Thanks for replying! Yes, I did clean both the CPU and the heatsink properly with alcohol. I used NT-H1 thermal paste.

Yeah, the mobo temps correspond to the BIOS temps, which worries me.


----------



## greenbrucelee (Apr 24, 2007)

then that means either the heatsink isn't working properly due to its fan or contact or that there isn't enough or there is too much thermal paste or that the system needs dust blowing out with compressed air.


----------



## Company (Jun 10, 2014)

I have 2 NF-F12s mounted on the heatsink. I will have to re-install it again, I'll probably re-install the bracket too, just to make sure that is not the problem...the temps were like this even in another case, and also when this current case was new, so the case isn't doing anything to heat the CPU this much. I've tried using a bit less/more thermal paste and it doesn't really change the temperatures.


----------



## BowHunter41 (Apr 19, 2015)

You could check the CPU pins with a magnifying glass make sure they all look straight. Also check the CPU socket make sure that looking from a wide angle it looks straight and non warped.

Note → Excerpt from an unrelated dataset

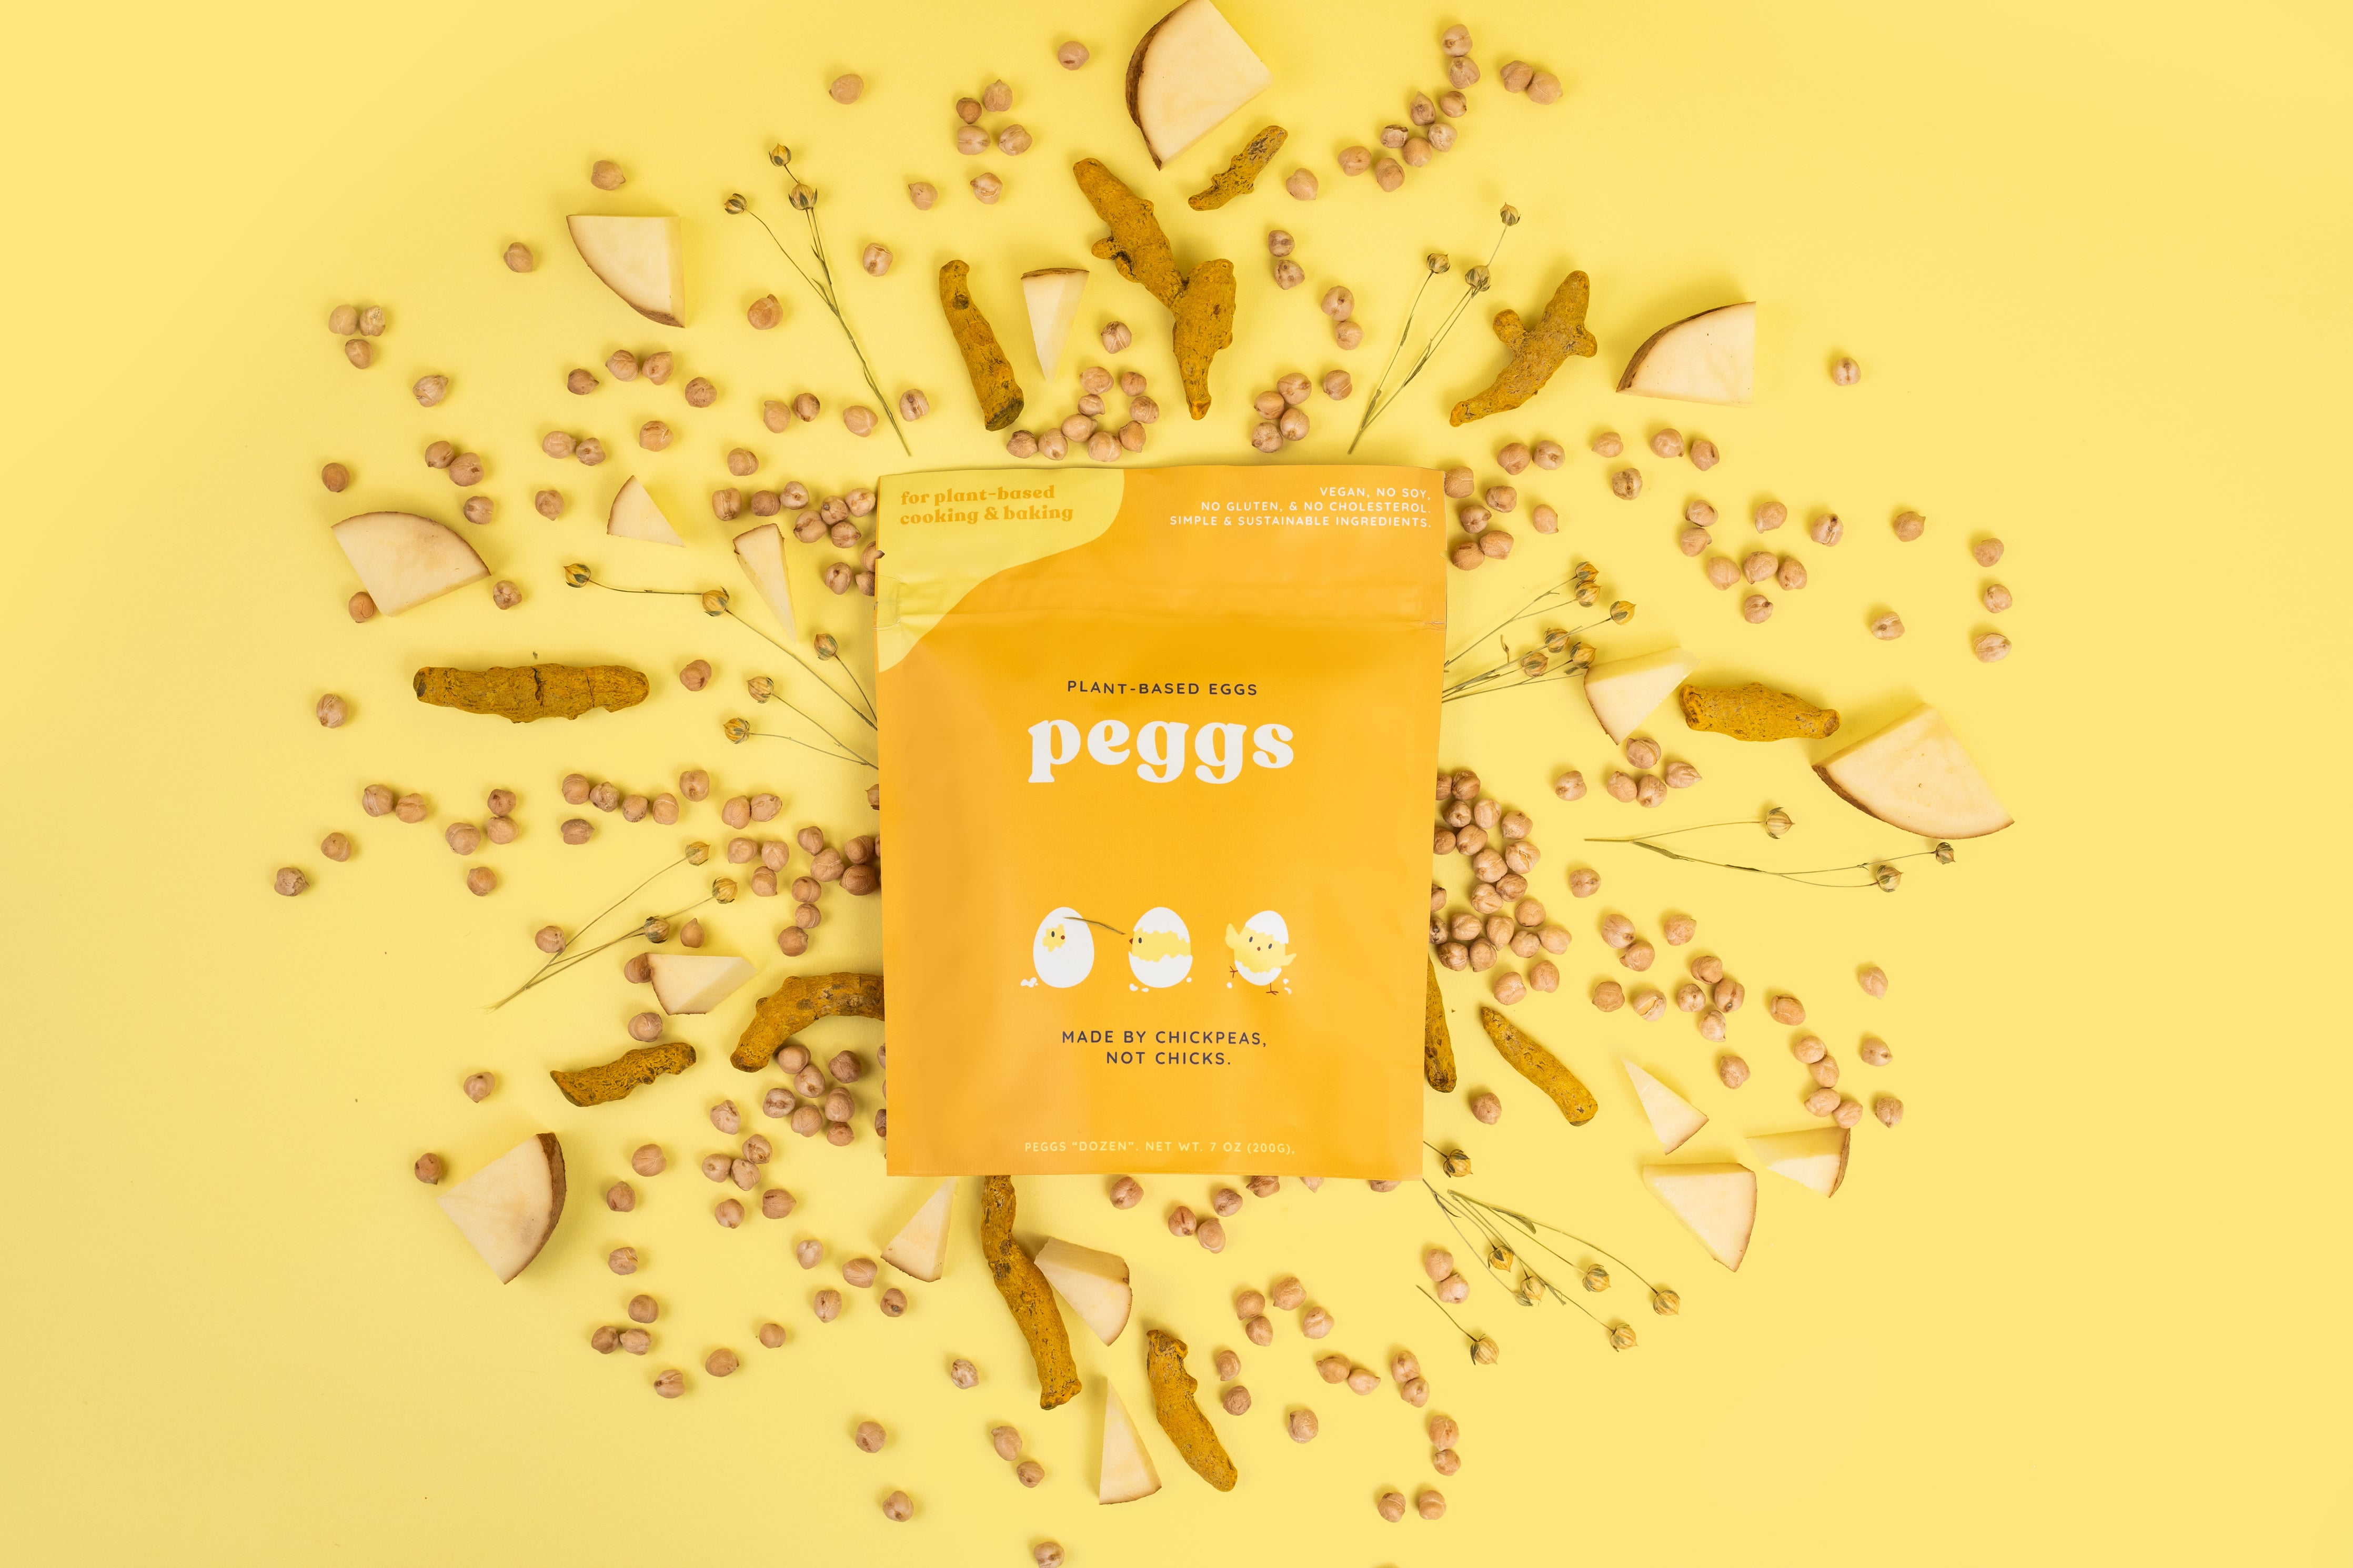 Peggs are an egg replacer that uses real, clean ingredients.

If I were you I would nab something like a cheaper AMD 970 board and test that CPU with both the Hyper 212 and also a stock unit just to rule out the board and or the CPU. Even the stock AMD CPU heat sink should be nowhere near 70c+ if properly installed and both the board and CPU are ok.


----------



## Company (Jun 10, 2014)

I haven't removed the CPU itself in a long while, I'll try rearranging it, but I don't think it would even boot if the CPU was improperly inserted. The system is rock stable by the way. It'll be a little while before I have the time to screw around with the PC since I'm quite busy with the moment and need it for work though. I'll report back with the findings. Thanks for your help!


----------



## greenbrucelee (Apr 24, 2007)

cou should be ok, sounds to me that its the heatsink.


----------



## Company (Jun 10, 2014)

okay, I'll try blowing it out with compressed air while I'm at it too. Not sure how a piece of metal can not function properly though, it doesn't have any moving/electronic parts in it


----------



## greenbrucelee (Apr 24, 2007)

if its not attached correctly or making proper conductivity then it wont work,


----------